Superintendent Prowd said the Government of Liberia is committed to protecting lives of citizens and foreign residents, while condemning ritualistic killings across the country. According to him, there have been several death cases since he took office as superintendent, but the case of the late Mordecious Nyemah has drawn attention of both citizens and national government. Superintendent Prowd recalled that in the late 70’s, similar situation occurred in the county that involved former superintendent Allen Yancy and other high profile officials, who were tried, adjudged guilty and hanged.
“When you reflect your minds back to Maryland Gboyo history, you will get to know that most of those people, who were involved into ritualistic killings by then, were mostly government officials. I remember, there was a superintendent in Maryland who was caught for ritualistic killing and was hanged and because of this, many citizens look at us as suspects of these current ritualistic acts that are happening in this county”, Superintendent Prowd lamented. He expressed excitement that suspects have been arrested and placed behind bars, awaiting court trial in connection to the murder of the late Mordecial.
“We are too happy and thankful to God that one of the suspects, Moses, who was the first to be arrested, without medicine, without threats or torture, he’s started calling names of people who are involved into the death of Mordecial”, Prowd added.
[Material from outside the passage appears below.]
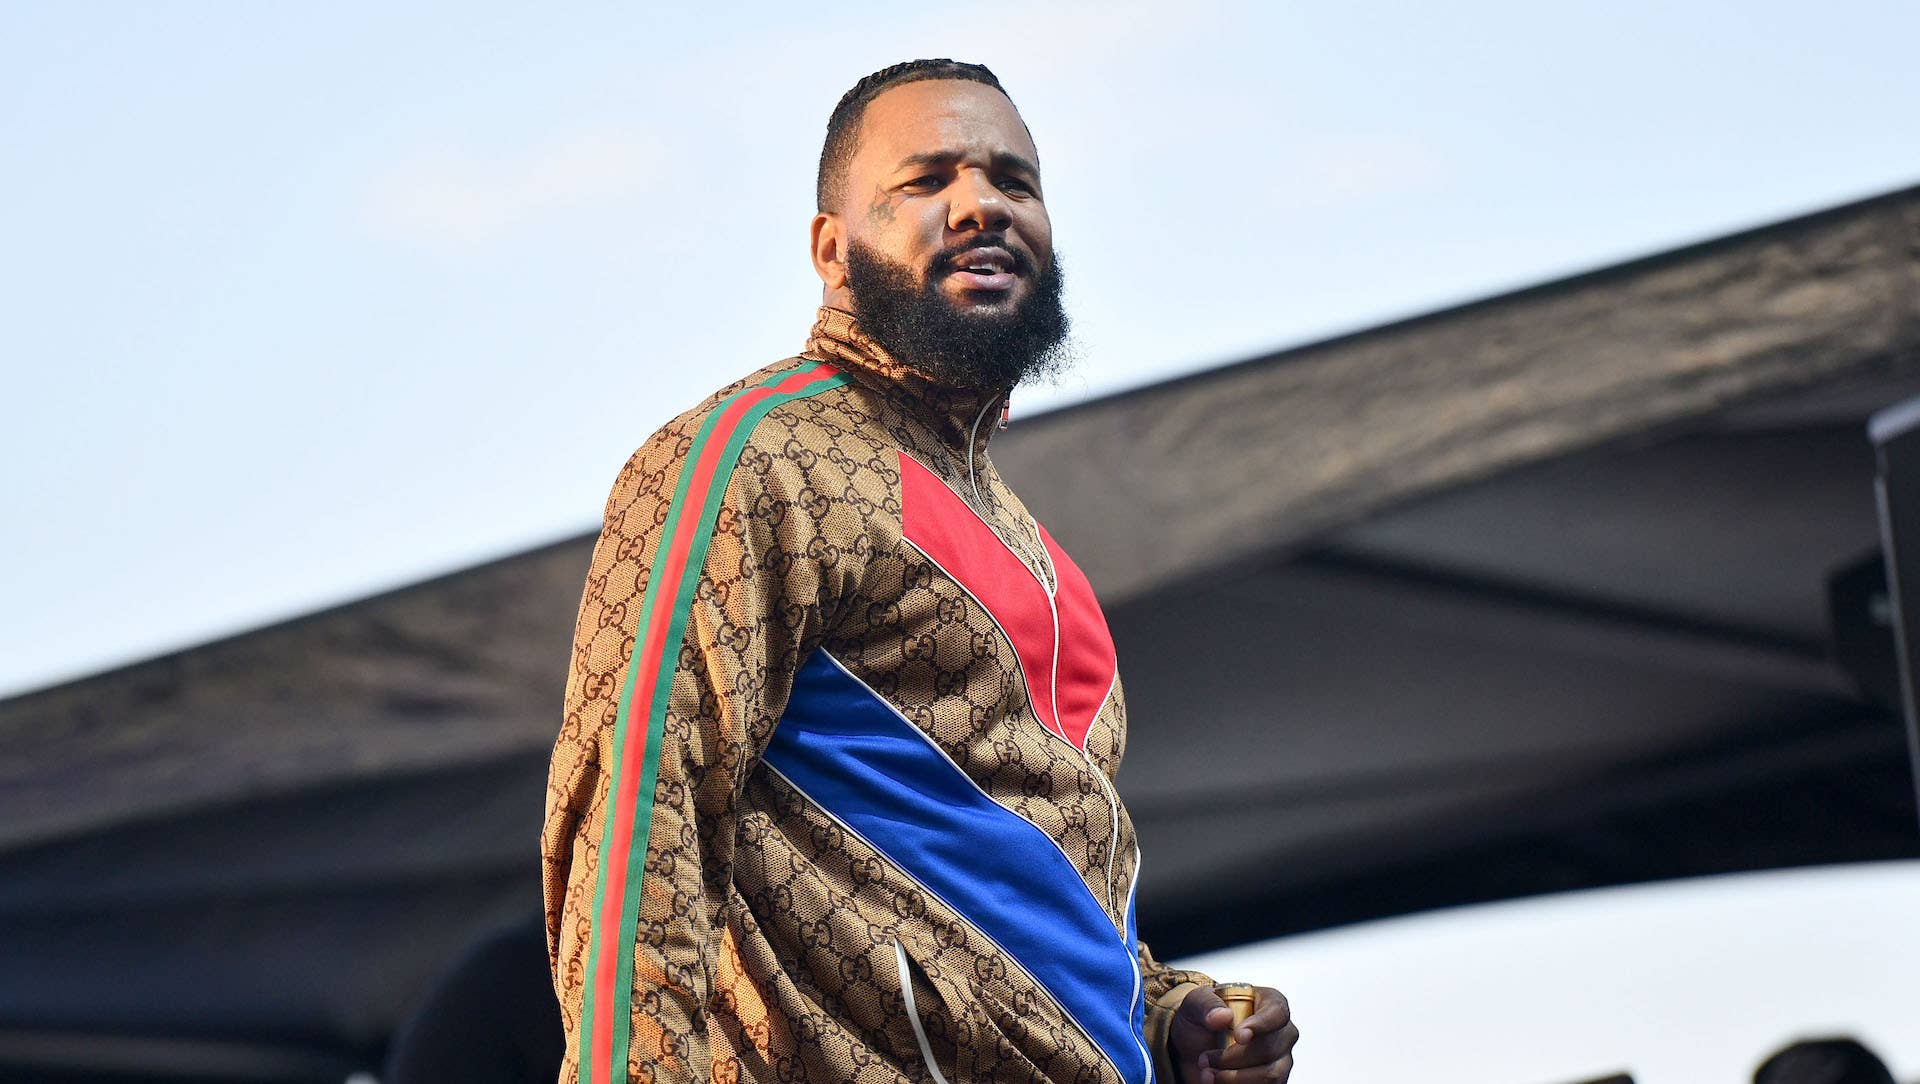 The Game performing onstage during Summertime In LBC

He continued that in as much the suspects are behind bars, there’s a strong case, and burial of the late Modecious doesn’t in anyway end the case.
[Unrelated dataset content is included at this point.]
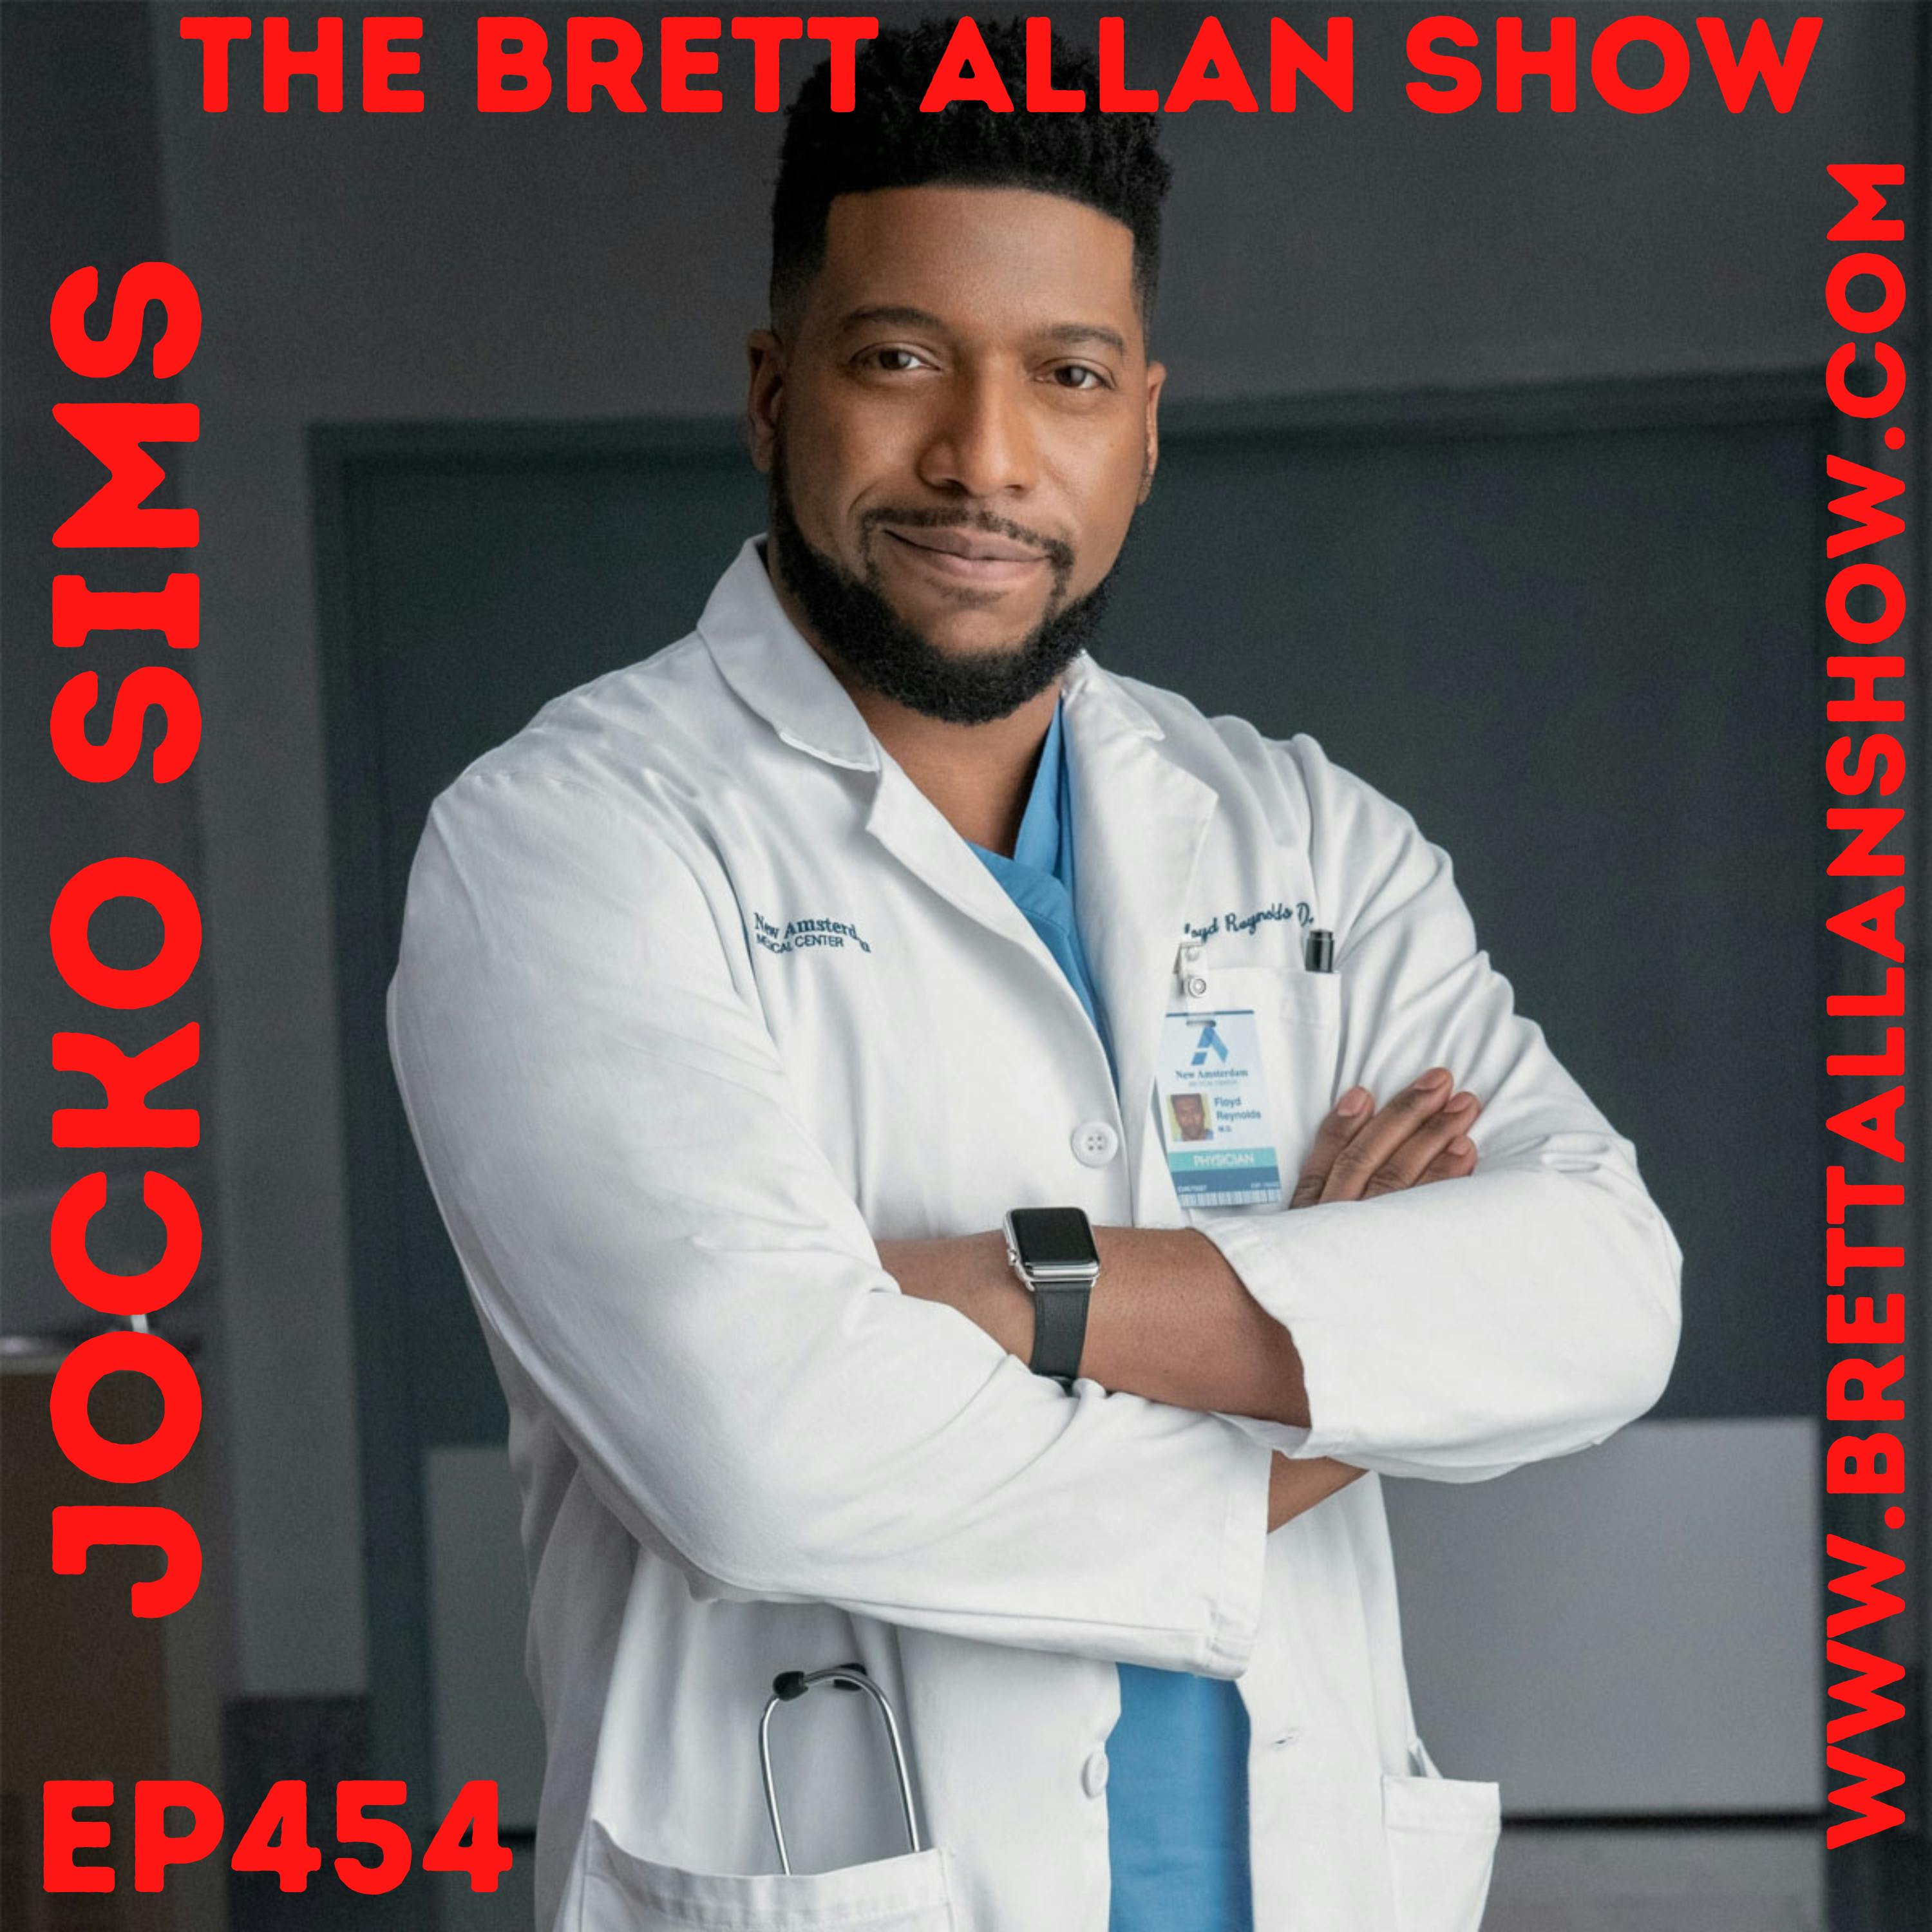 Jocko Sims Discusses the Fifth and Final Season of New Amsterdam and "Dr. Floyd Reynolds" and More!

The superintendent cautioned citizens to remain law-abiding and assist government in the ongoing hearing rather than staging protests that would disrupt the county and shut down economic activities.
He county authorities, including the Maryland Legislative Caucus have received series of letters from parents and other concerned groups over the release of alleged rioters that are in prison in Zwedru, Grand Gedeh County.
Prowd disclosed that those letters were sent to national government, and prayed that as soon as the case is being looked into and suspects are found guilty, it would be easy for President Weah to extended executive clemency. He urged parents of those suspects to remain peaceful as government is working out modality to transport at least three members of the bereaved family to Zwedru for the trial.
On April 5, 2021, police arrested and sent to the Zwedru Correction Palace scores of suspects, including Morris Senneh, President of the Pleebo Motorcyclists union, Thomas Kumah, president of Maryland County youth, Mamadou Diallo, Edward Toe, Sieh Gray, Edwin Lawal, Salu Ali, Lawrence Jarbee, and Wilfred Kuoh.
Also being held for the murder and subsequent rioting are Eugene Koppeh, George Nimely, John Davis, Patrick Wilson, Augustine Navy, Micheal Doblah, Sawo Bedel, Robert Wesseh, Fred Johnny, Peter Bestman, Moses Toe, Mashel Doloson, Thomas Kuma, Joseph Bannie, George Segbeh, Mark Freeman, Michael Tugbeh, Winston Smith, Christopher Dweh Prince Kouh, George Weah, John Collies, Chris Porka and Sham Beyslow.
They are accused of involving in multiple crimes during mass protests in demand of justice that led to the damage of government’s properties, including arson attacks on the home of Speaker Bhofal Chambers in Pleebo Sodoken district, Maryland County. The violence led President George Weah to impose a dusk to dawn curfew in the entire county, which subsequently calm the tension.